Casey Chu: It’s funny that you bring up the “one plus one equals three” because not only did we combine Deep Research and Operator, but we also threw in a bunch of other tools that—basically, like, everything we could think of. So, like, a terminal tool is there, so it can run commands, do calculations. The Image Gen tool is a fun one. If it wants to spruce up its slides by making an image, it can do that.
Isa Fulford: Can call APIs.
Lauren Reeder: It can produce PowerPoints.
Isa Fulford: Yes. Yeah, it can do a lot of different things.
Lauren Reeder: Yeah, tell us a little bit how people are using it, knowing it’s still early days.
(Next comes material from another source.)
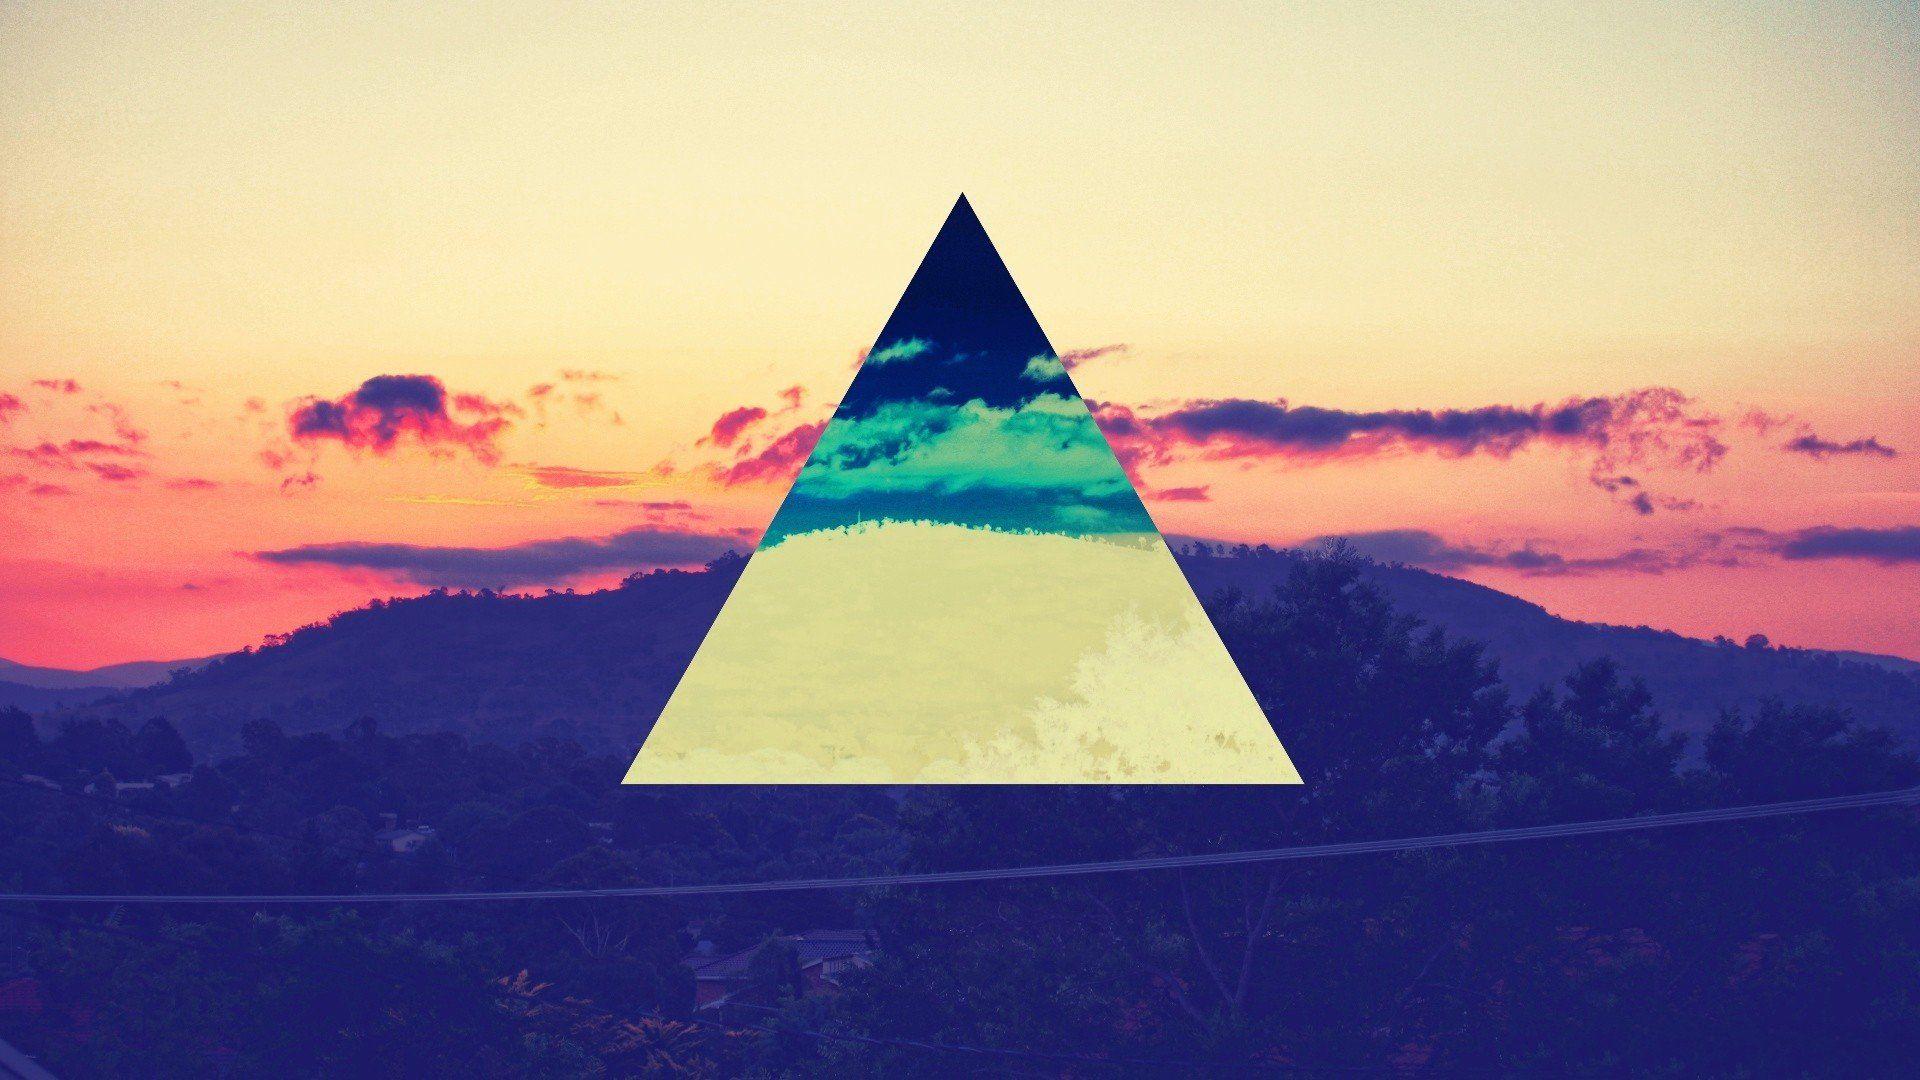 Top Wallpaper Mountain Triangle - 015032cf4b818ac2cb1fc12101adc461  Photograph_597691.jpg

Isa Fulford: So I think the cool thing about it is we have some ideas of how we think people are going to use it, but I think we intentionally kept it quite open-ended. I mean, it’s called Agent; that’s so vague. Partially because we are excited to see how people end up using it. So I think some of the things that we specifically trained it for were, of course, Deep Research-type tasks, so things where you want a long report on a topic, Operator-type tasks where you want it to do something for you, like book something or book a flight, buy something for you. And then also tasks to make slide decks. We also, you know, spent a lot of effort on making spreadsheets and doing data analysis, but I think there are also just so many other things the model can do, so we’re just excited to see how people use it. Kind of similarly to how when we launched Deep Research, we saw a lot of people using it for code search, which was really surprising to us. We’re hoping to see a lot of new use cases that we didn’t even think of ourselves.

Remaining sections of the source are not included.